Estabelecimentos que privam de liberdade os sujeitos tornam-se, nessas
circunstâncias, a mais nova fisionomia da pena humanizada, ganhando a aprovação
social e devolvendo ao Estado a face de justo e firme: “a prisão, peça essencial no
conjunto das punições, marca certamente um momento importante na história da
justiça penal: seu acesso à ‘humanidade’” (FOUCAULT, 2014, p. 223). Fazendo com
que a ênfase à humanização entretece ao ponto de não ser analisado de maneira
profunda a alternativa surgente de punir prendendo, explicita Foucault, que chega a
descrever: “Para a justiça penal, uma nova era” (FOUCAULT, 2014, p. 13).
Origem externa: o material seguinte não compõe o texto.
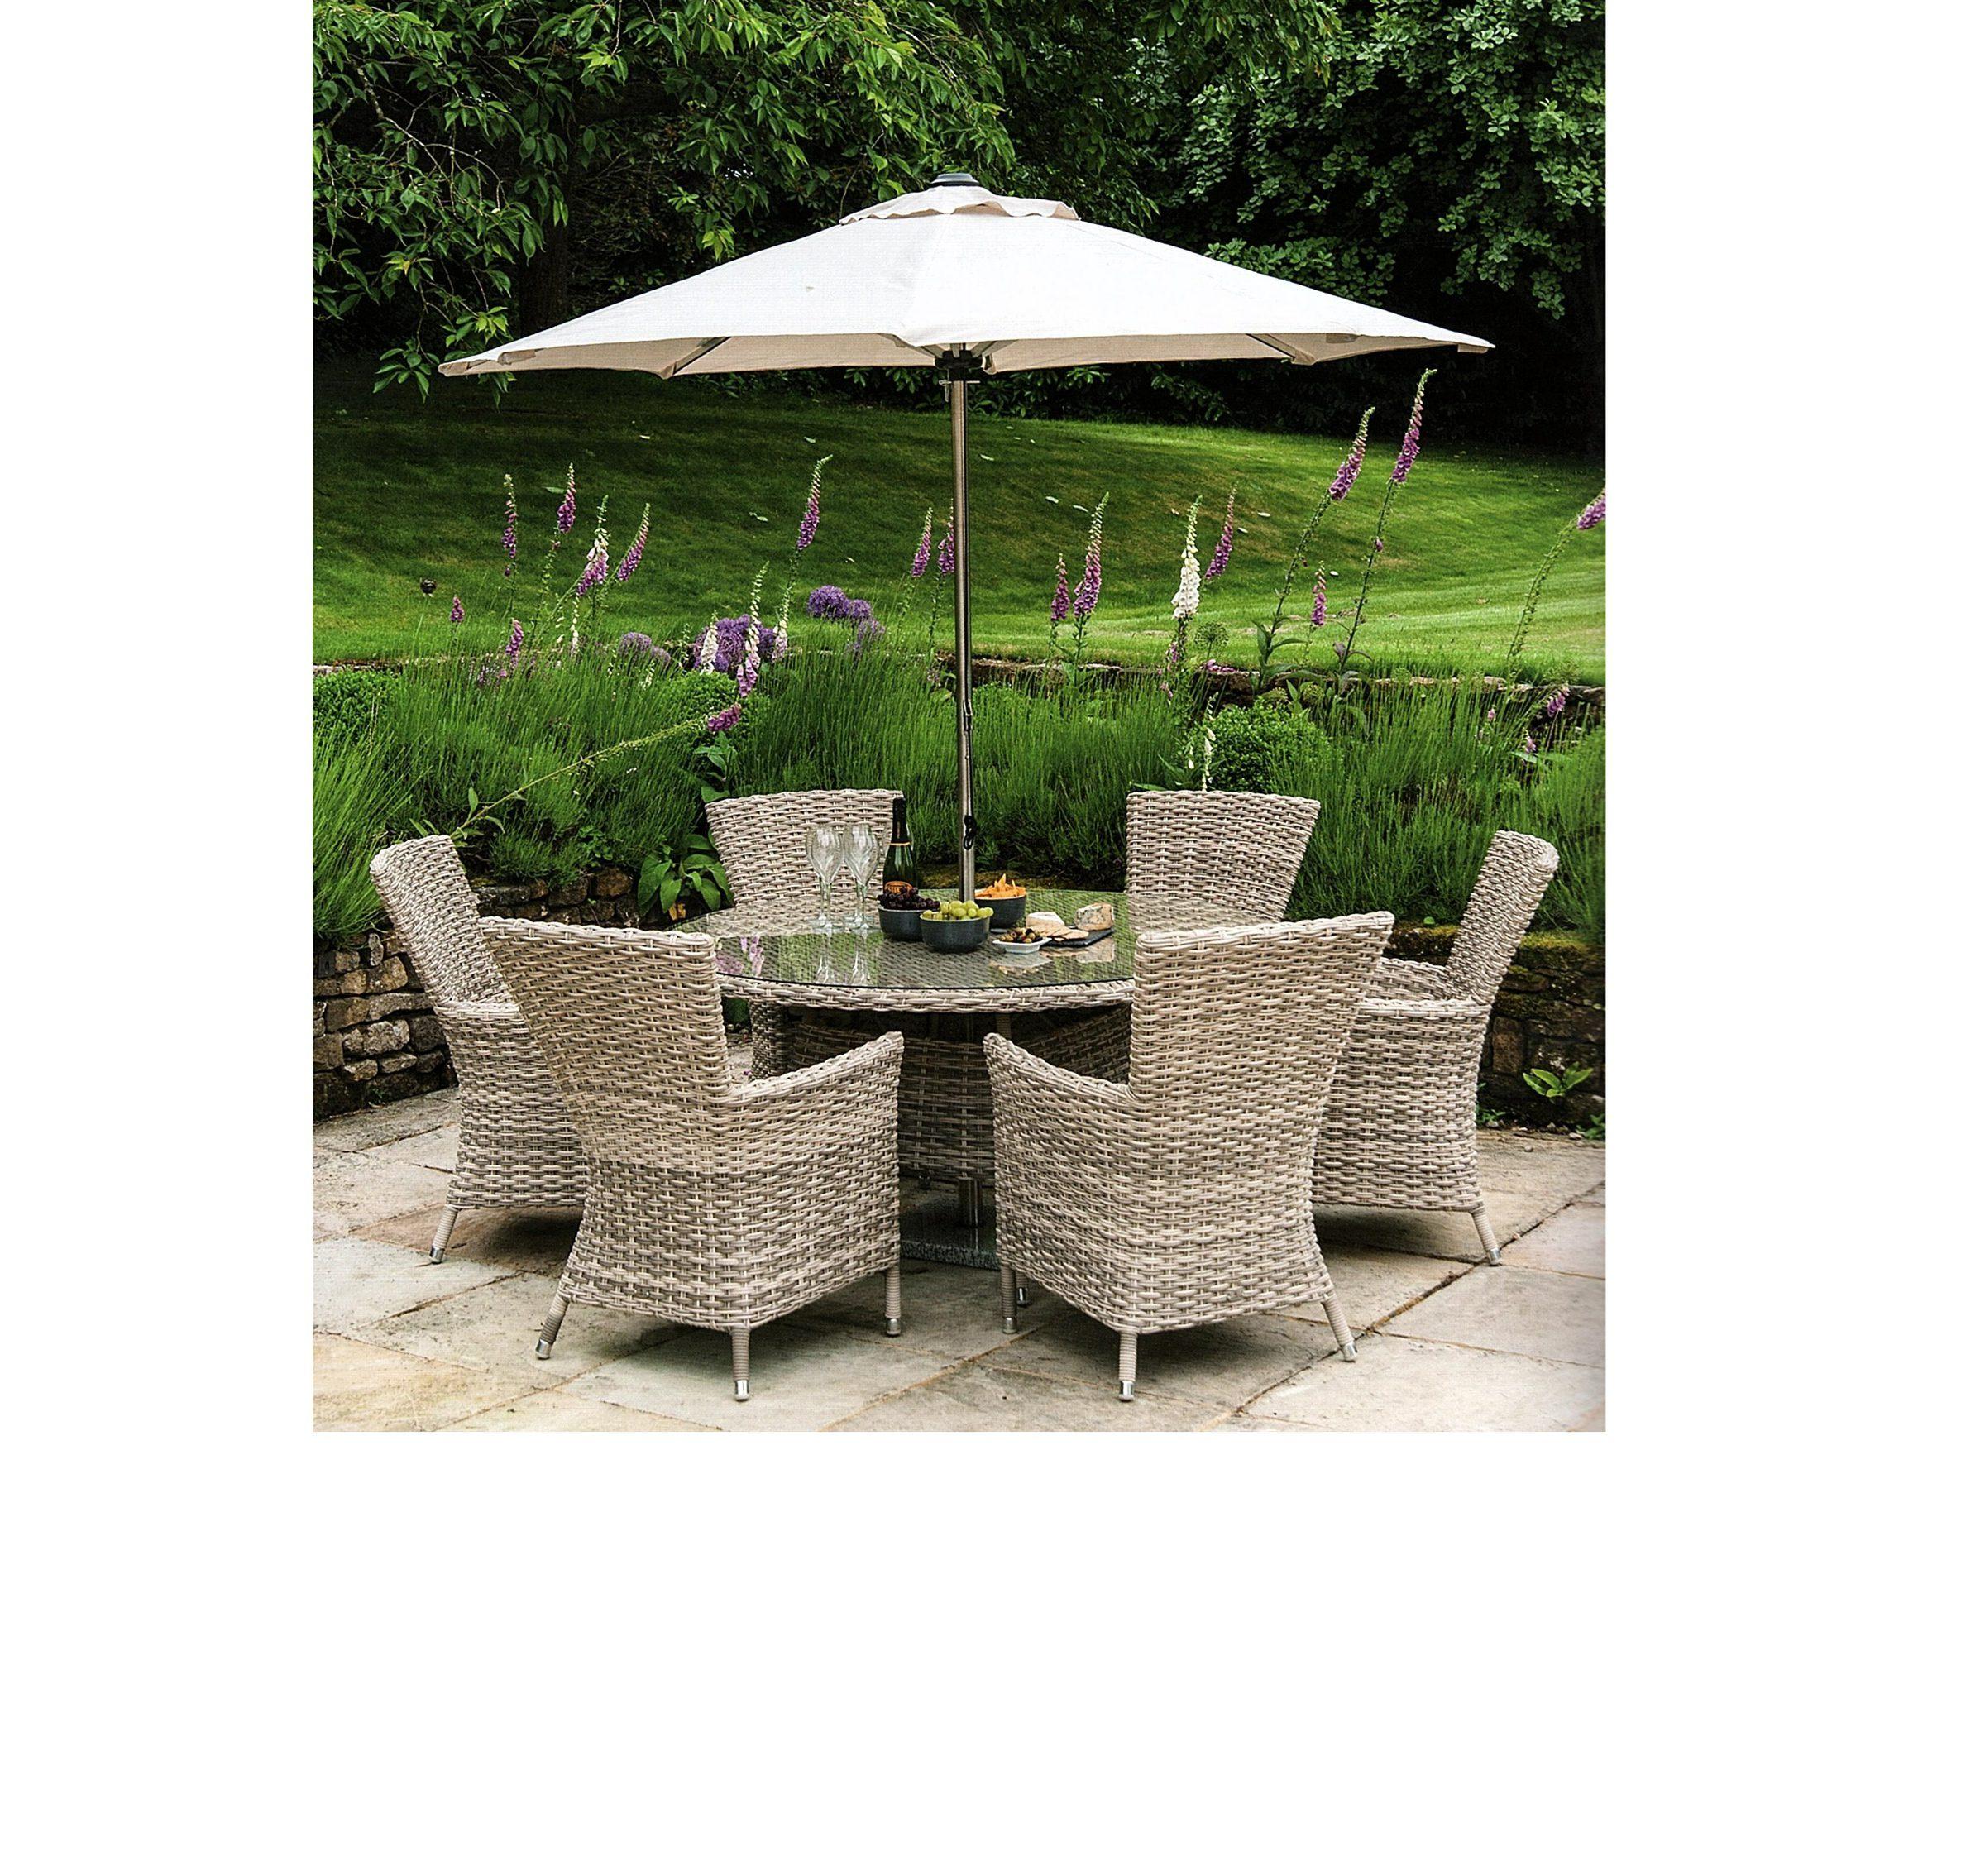 Kool Pearl 1.5m round furniture set

Entretanto, o que acontece é o inverso do pretendido e, mesmo não
sendo o espetáculo de crueldades, a prisão ataca o corpo encarcerado:
Segundo essa penalidade, o corpo é colocado num sistema de coação e de
privação, de obrigações e de interdições. O sofrimento físico, a dor do corpo
não são mais os elementos constitutivos da pena. O castigo passou de uma
arte das sensações insuportáveis a uma economia dos direitos suspensos.
Se a justiça ainda tiver que manipular e tocar o corpo dos justiçáveis, tal se
fará à distância, propriamente, segundo regras rígidas e visando a um
objetivo bem mais “elevado” (FOUCAULT, 2014, p. 16)
4
Em 2018 foi apresentado no senado o projeto de lei nº 166 que estabelece maior discussão sobre a
prisão após a condenação em segunda instância, alterando o art. 283 do Código de Processo Penal e
produzindo uma abertura maior das possibilidades de prisões antes da sentença condenatória
transitada em julgado, condição necessária para retirar a liberdade de alguém no Brasil.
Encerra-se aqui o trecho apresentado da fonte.